* ABOUT THIS EXERCISE: Your copy should contain exactly the lines from the one that holds "Pasadena Fire Station #34" through the end of the material, reproduced as written, with no pictures.

* PROVIDED MATERIAL:

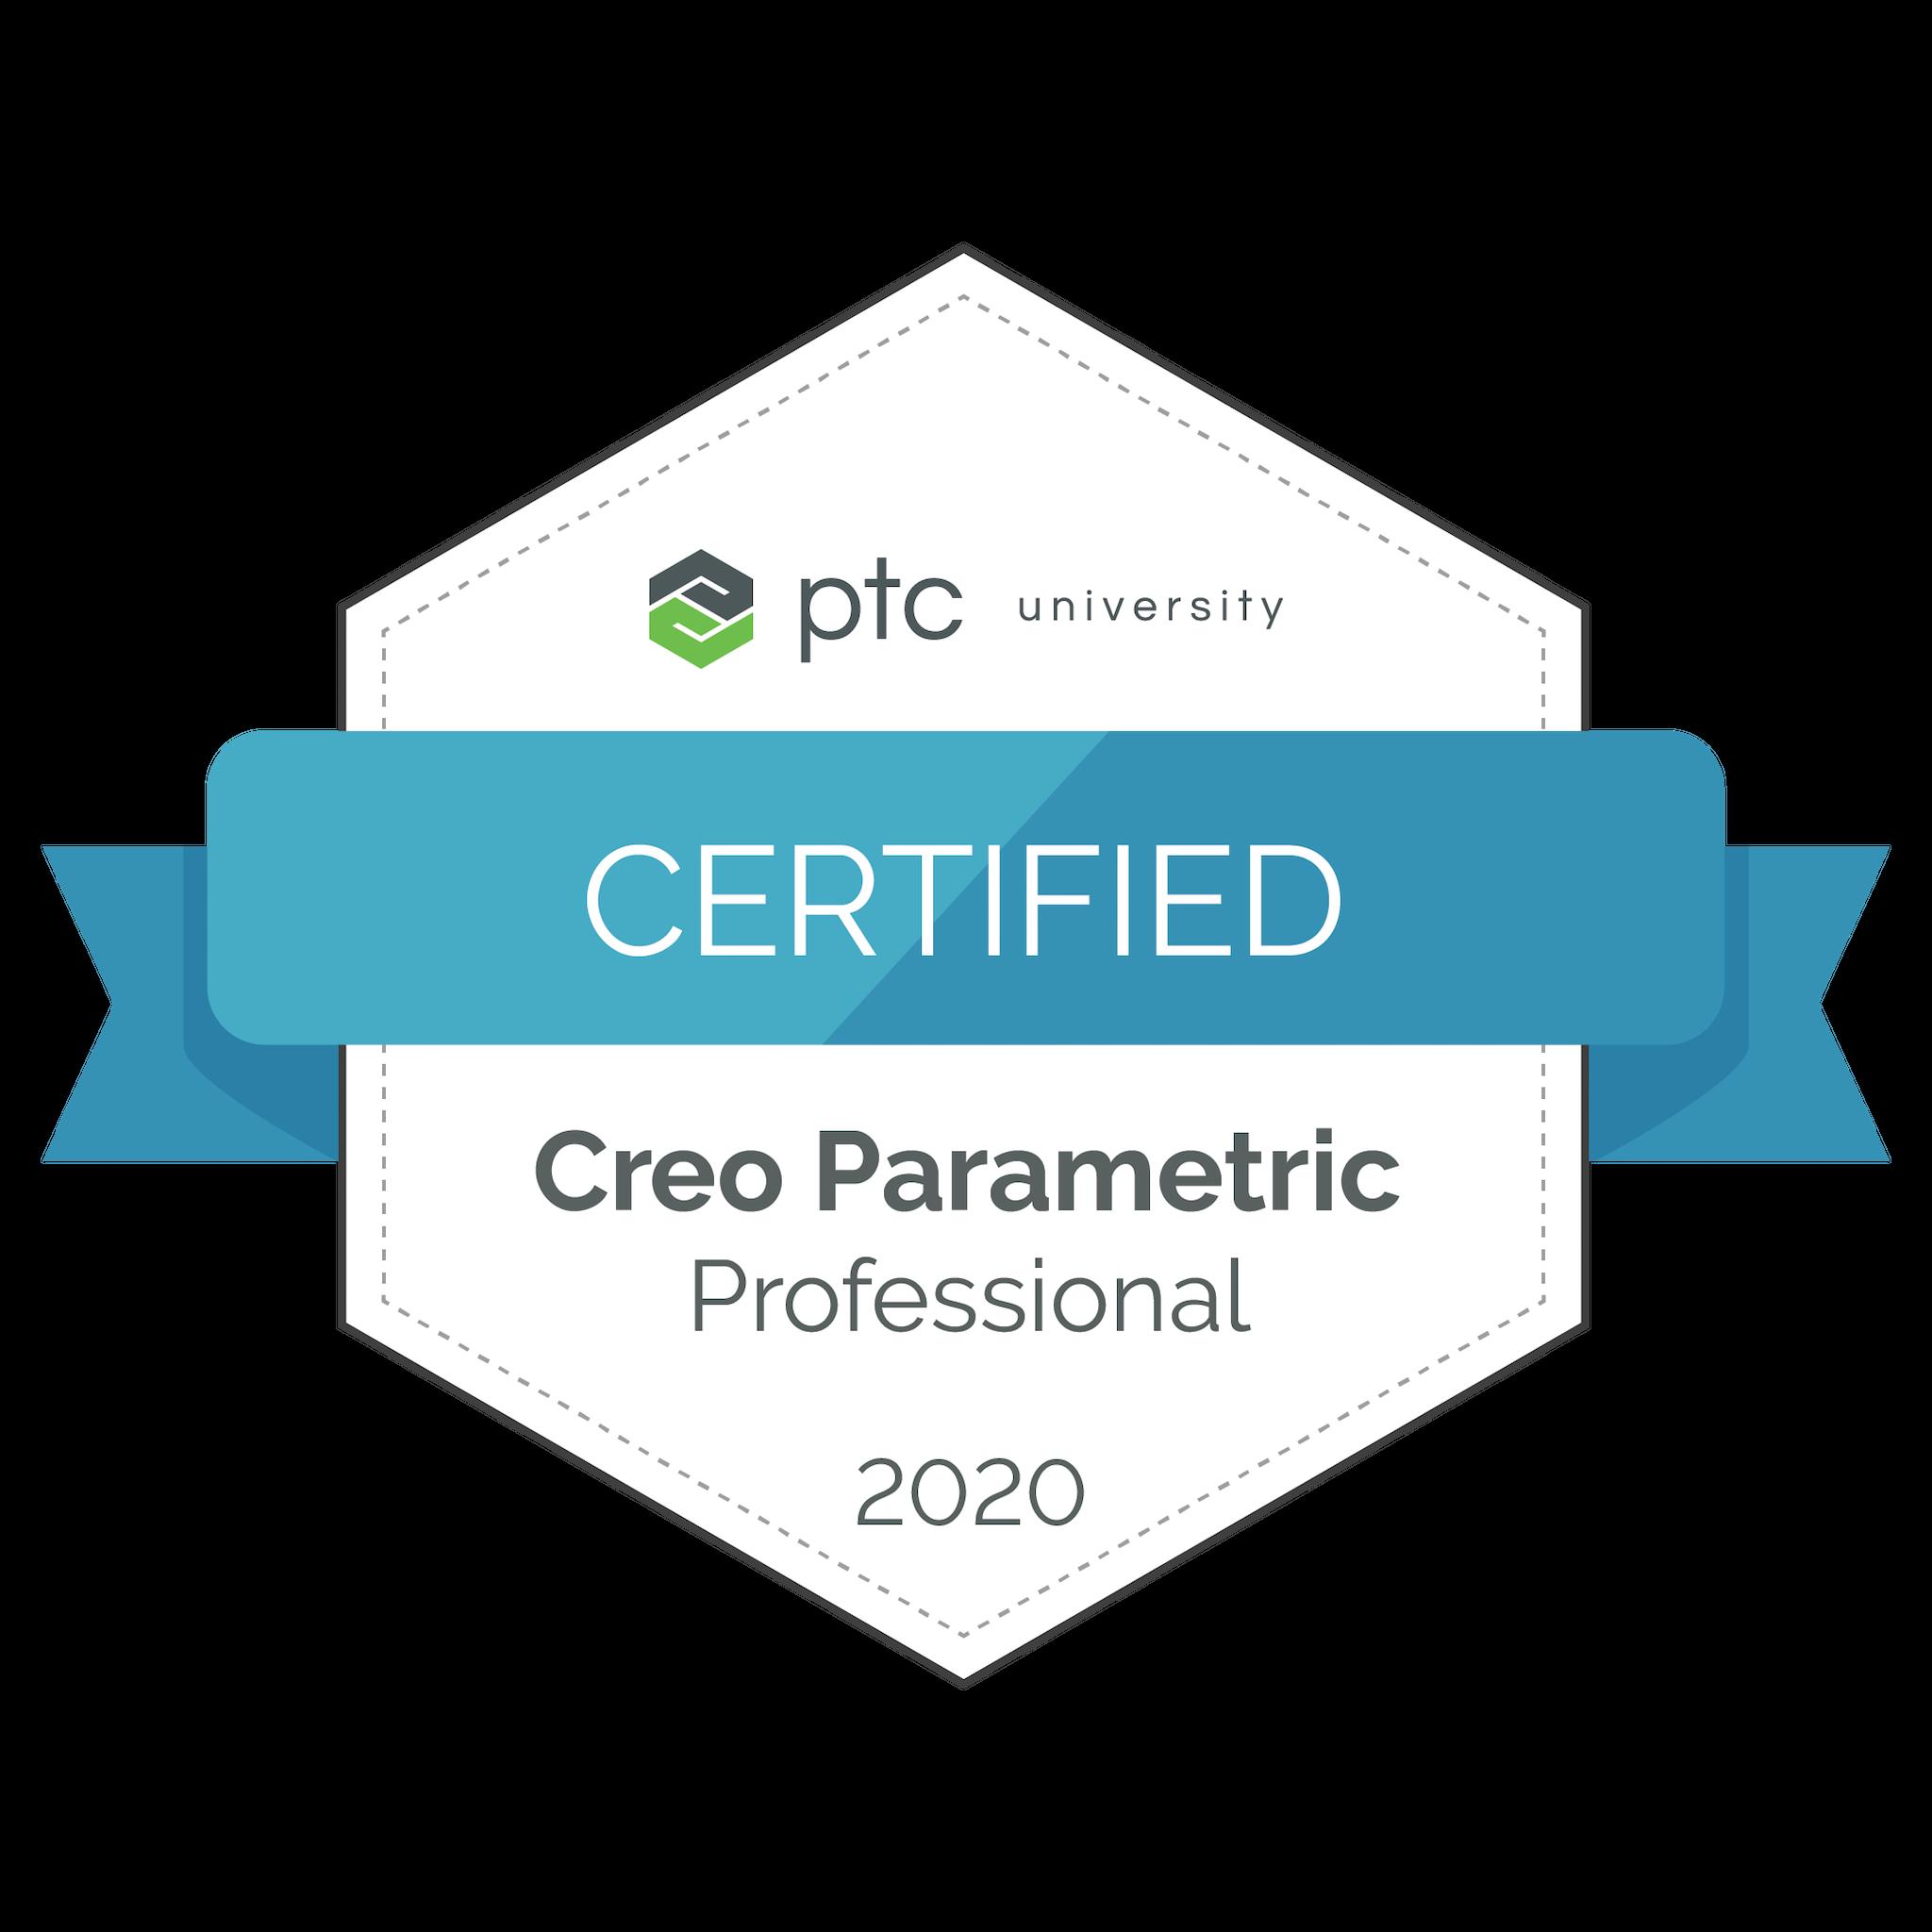 Creo Parametric Professional Certification 2020
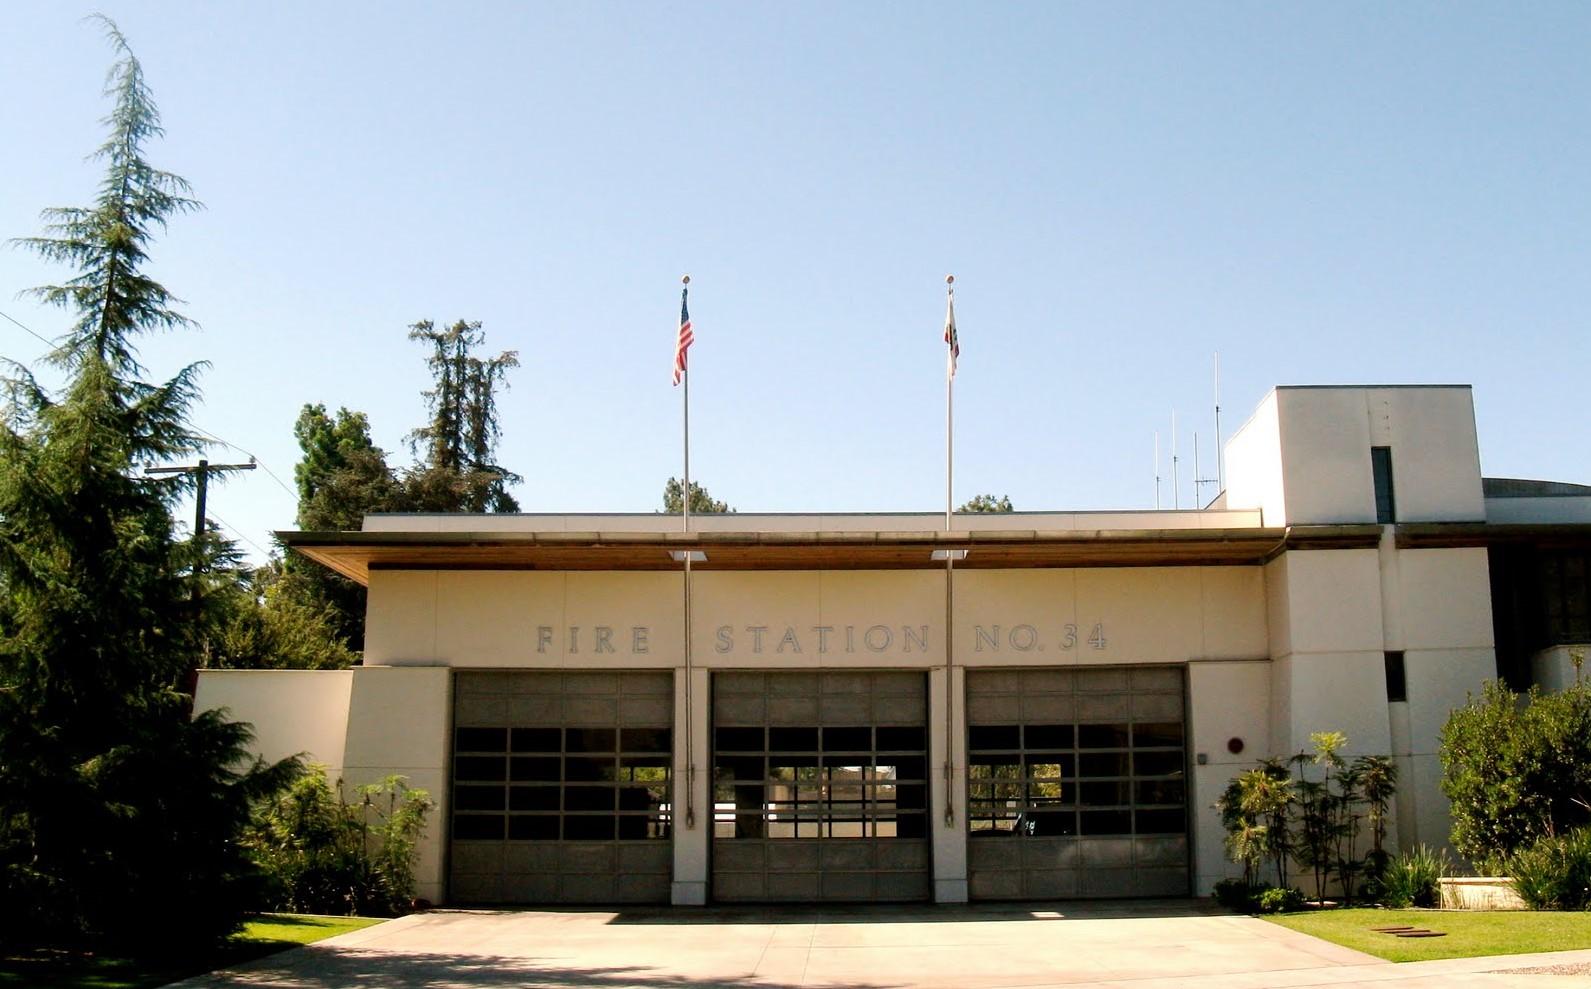 Pasadena Fire Station #34
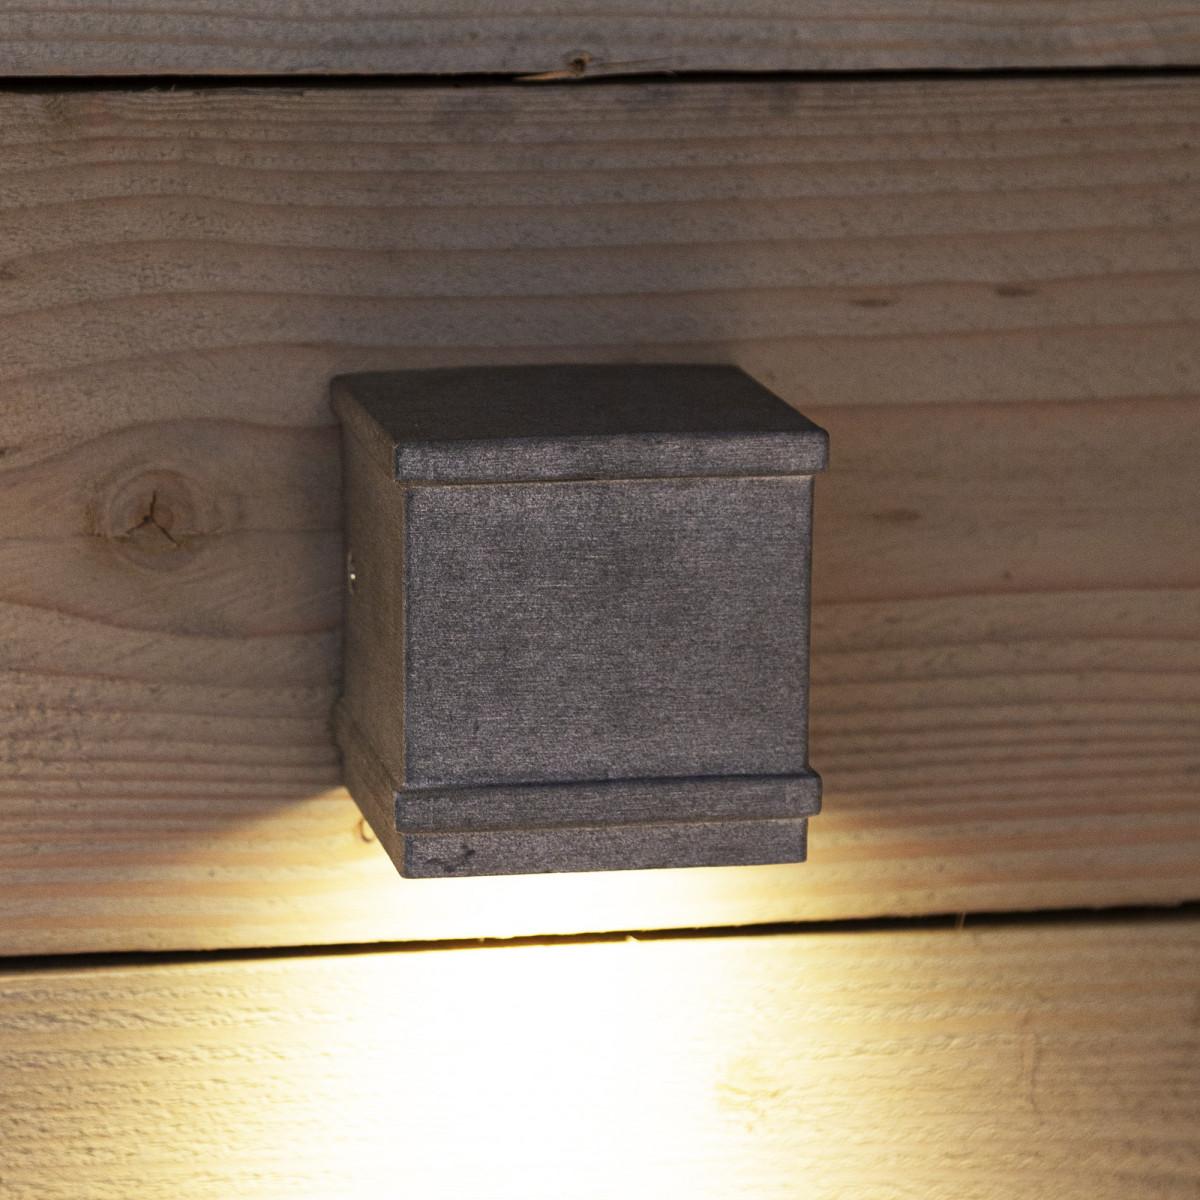 Borgo wandspot ruw aluminium (6687) - KS Verlichting

* SOLVED EXERCISE:
 Pasadena Fire Station #34
 Borgo wandspot ruw aluminium (6687) - KS Verlichting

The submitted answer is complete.